• 097723 - MATHEMATICAL AND PHYSICAL MODELING IN ENGINEERING [1]

The main objective of the overall course is to acquire knowledge of mathematical and physical modeling of continuum material bodies and to develop critical skills for their application in solving engineering problems.

The main objective of part [1] of the course is to provide the student with an overall understanding of the basics of advanced Continuum Mechanics and Continuum Thermodynamics. The student is expected to become knowledgable about all the main concepts and ideas, so that he might be ready to use them in more application-oriented contexts, which are part of the program in Mathematical Engineering, in particular for the "scientific computation track".

The student is expected:

- to master the mathematical develoment of all the mathematical and physical methods exposed during the course;

- to develop a good capability of handling and working with tensorial quantities, of writing balance equations and boundary conditions for simple problems in elasticity theory;

- to understand the structure and the construction of basic theories of Continuum Mechanics;

- to become articulate and fluent in expressing and communicating all the key ideas and proofs of the basic theorems and concepts.

Cauchy stress tensor and mechanical balance equations (reminder).

Theorem of kinetic energy and power of internal stresses. Piola transformation for vector and tensor fields. Piola stress tensor: definition and properties.

Elastic solids. Constitutive relation. Local balance equations in a material form. Material frame indifference. Symmetry group. Isotropicity. Representation formula. Strain energy in finite elasticity. Strain energy for isotropic materials. Examples: Blatz-Ko, Mooney-Rivlin, Ogden, Neo-Hookean. Internal constraints and reactive stresses. Examples: incompressibility, inextensibility in a given direction.
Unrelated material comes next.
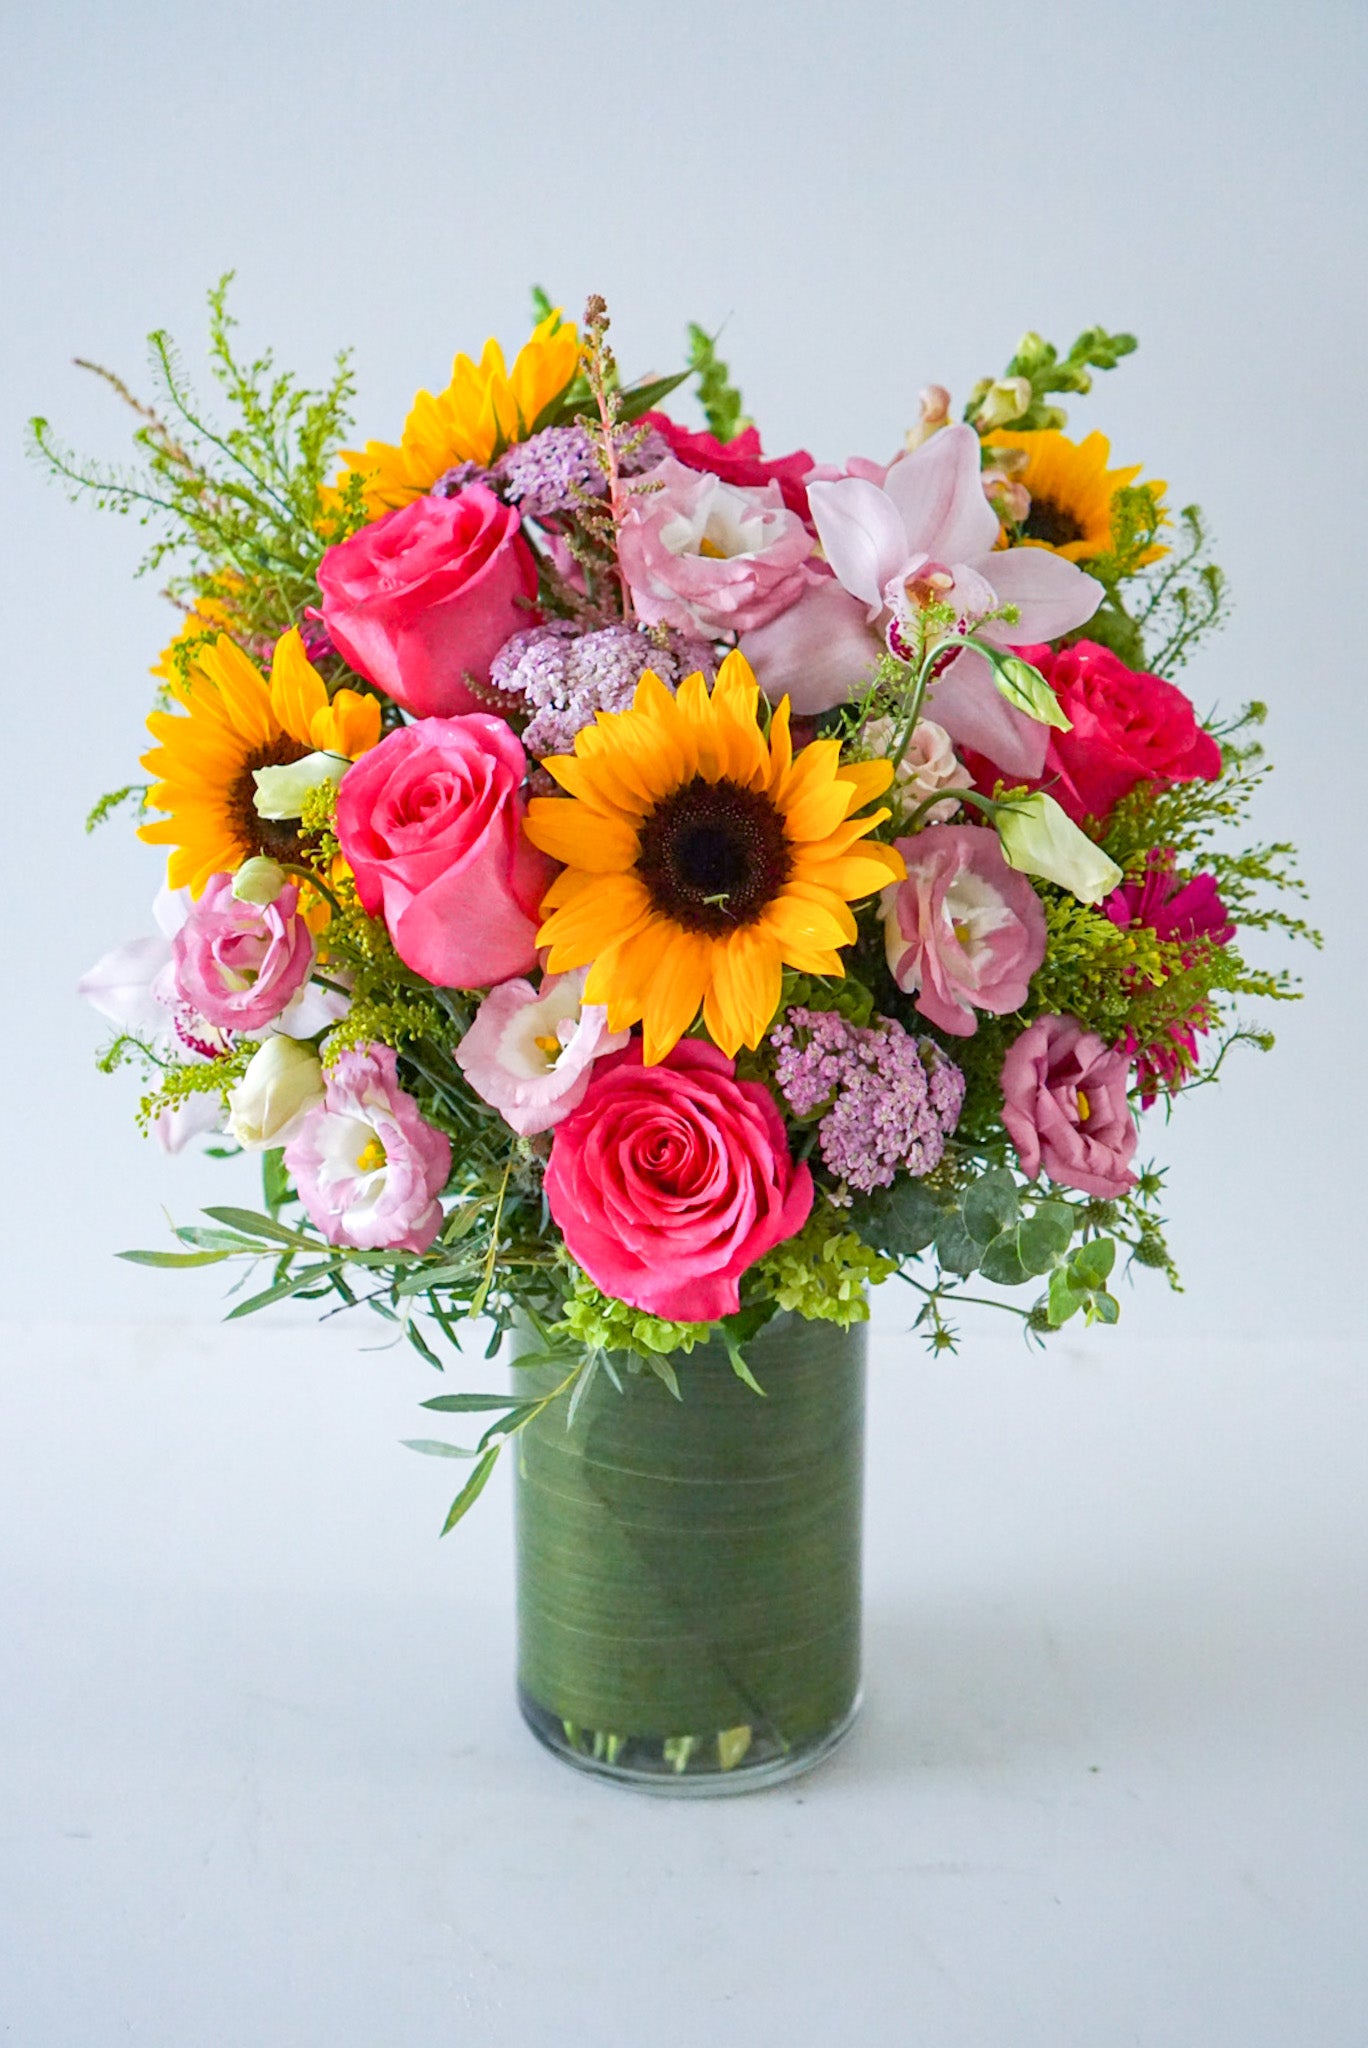  A bright summery arrangement, Summer Soiree is an ideal gift sure to brighten their day. This vivacious bouquet is an assortment of hot pink, yellow, orange and green summer blooms.  Delivered in a clear cylinder vase, lined with green ti leave Sunflowers, roses, lisianthus, yallow, cymbidium orchid, snap dragon, solidago, green hydrangeas. The Flower Nook- Toronto Florist- Flowers delivery Toronto

Linearization of constitutive relation for elasticity. Infinitesimal strain tensor. Elasticity tensor. Linear constitutive relation. Symmetry group. Isotropic linear elasticity. Lame' constants. Navier equations. Wave propagation in linear isotropic elasticity: transverse and longitudinal wave popagation. Simple shear, uniform extensions and uniform tractions. Poisson's ratio and Young's modulus.

Energy balance for continuum thermodynamics. Entropy inequality. Axioms of Continuum Thermodynamics. Constitutive relations for thermoelasticity. Free energy and entropy inequality. Coleman and Noll method and consequences. Linear thermoelasticity. Field equations for linear thermoelasticity. Fourier's law. Heat equation. Symmetry group for elastic fluids.

Constitutive relations for materials with stress tensor depending on F and its time derivative. Viscoelastic materials. Fluids. Viscous fluids. Newtonian and non-Newtonian fluids.

Tensor algebra and general coordinates in continuum mechanics. Natural basis and dual basis. The metric tensor. Covariant and controvariant components. Covariant derivative and Christoffel symbols.

Basic ideas of calculus. Theory of ordinary differential equations and basic notions about partial differential equations. Elementary knowledege of classical Rational Mechanics and Continuum Mechanics (forces, balance equations, Cauchy stress tensor, kinematics of continua).

The exams wil be organized in agreement with the Academic Calendar and the Rules of the School of Engineering.

The verification of knowledge and capabilities acquired by the student is based, for each part, on a written test of about 2h, followed by an oral part.

The two written tests can be taken together during the same exam session, or separately in different exam sessions.

The final grade is based on an overall evaluation of the two parts of the exam.

The verification of knowledge and capabilities acquired by the student in part [1] of the course is based on a written test of about 2h, followed by an oral part.

The written test consists in an exercise on Finite Elasticity theory, which requires the student to be able to work with tensorial constitutive relations and writing and solving simple equilibrium problems. This will provide a basis on which to evaluate the capability of the student to apply correctly knowledge and comprehension acquired during the Course.

In the oral part of the exam the student will show his knowledge and his communication skills through appropriate exposition of all the main concepts and correct presentation of the proofs of all the main results and theorems.

In the oral part the student is also expected to answer theoretical questions on course topics, and to verify student's skills at making connections between course topics and previous courses.

Material prepared by the Teachers will be placed in the Beep area of the Course.